Wednesday, October 23, 2013

Cinnamon Spice Candy Corn Sugar Bites


 This week I am prepping for a Halloween package to send all they way to Cali, for my dearest sista friend who is In the navy. Living in a barrack where she can't bake or cook anything, I know these baked treats will be very appreciated! Love ya Kara! 

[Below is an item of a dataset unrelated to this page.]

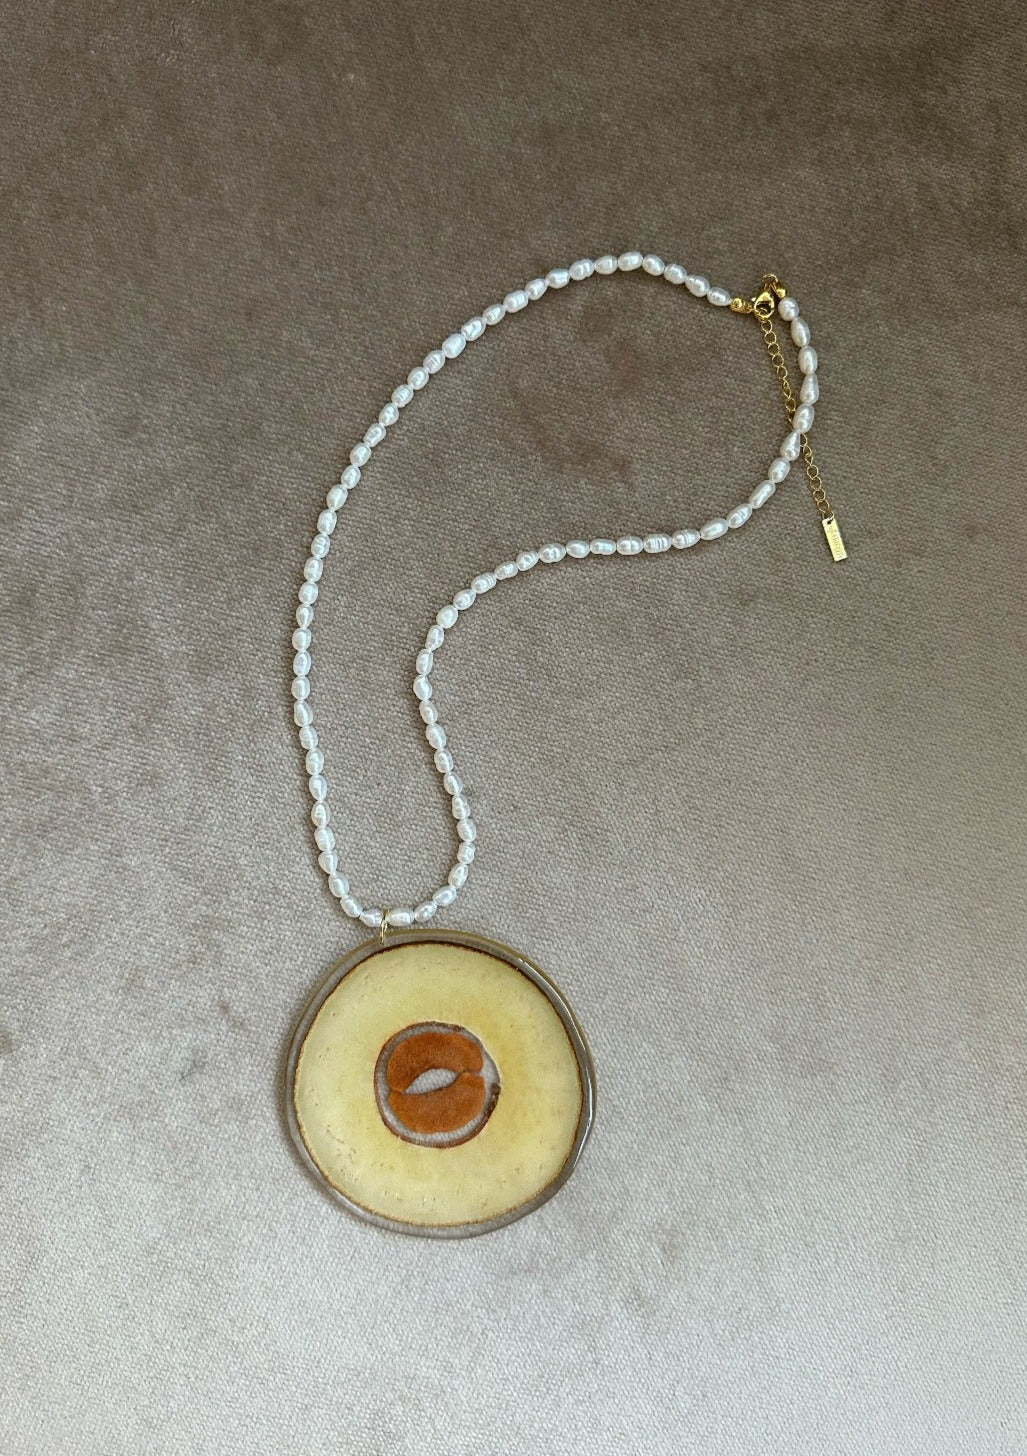 Freshwater rice pearl necklace with a preserved avocado cross-section pendant.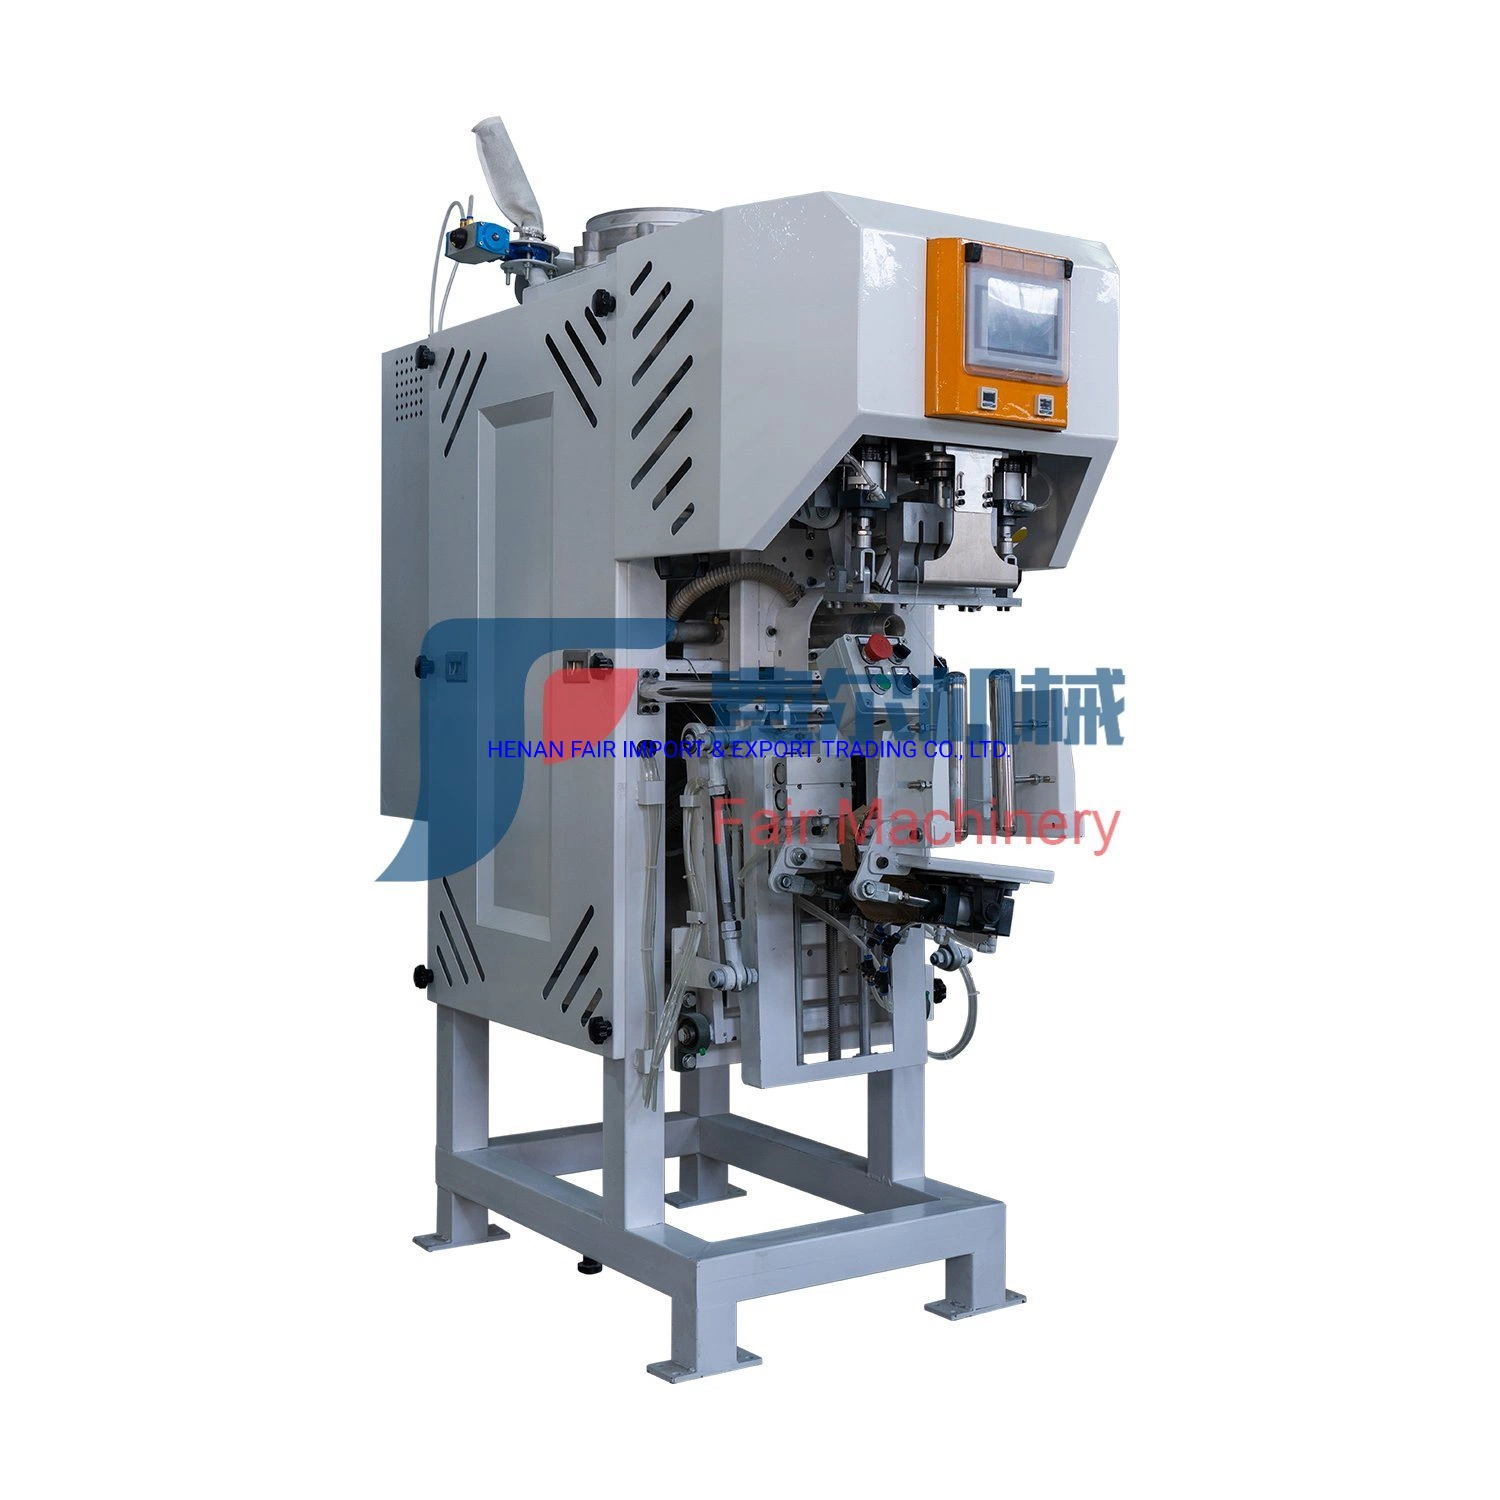 Automatic Valve Bag Air-Blowing Cement Sugar Powder Packing Machine for Vertica Weighting Packaging 5-50kg

  I saw these candy corn frosted cookies on Pinterest one day, and since I haven't messed much with cookie decorating, I thought, I think I can make these easier! I took a regular sugar cookie recipe and added a few of my favorite fall inspired flavors for a kick on a classic sugar cookie. These are so easy I'm sure any of you can give it a try. 

1 cup soft salted butter
1 cup granulated sugar
1 large egg
1/4 cup cookie butter
( south Florida friends, I know this is hard to find around here, use biscoff spread, or maybe even peanut butter instead)
3 cups flour
1/2 tsp baking soda
1 tbs cinnamon
1 tsp pumpkin pie spice
1/4 tsp ginger 
Yellow food color
Red food color
1/2 cup mixed cinnamon and sugar 

 Cream the butter and sugar until fluffy. Add the egg and beat well. Spoon in the cookie butter and mix until combined. Sift together the dry ingredients into the wet and mix on low until a dough forms. 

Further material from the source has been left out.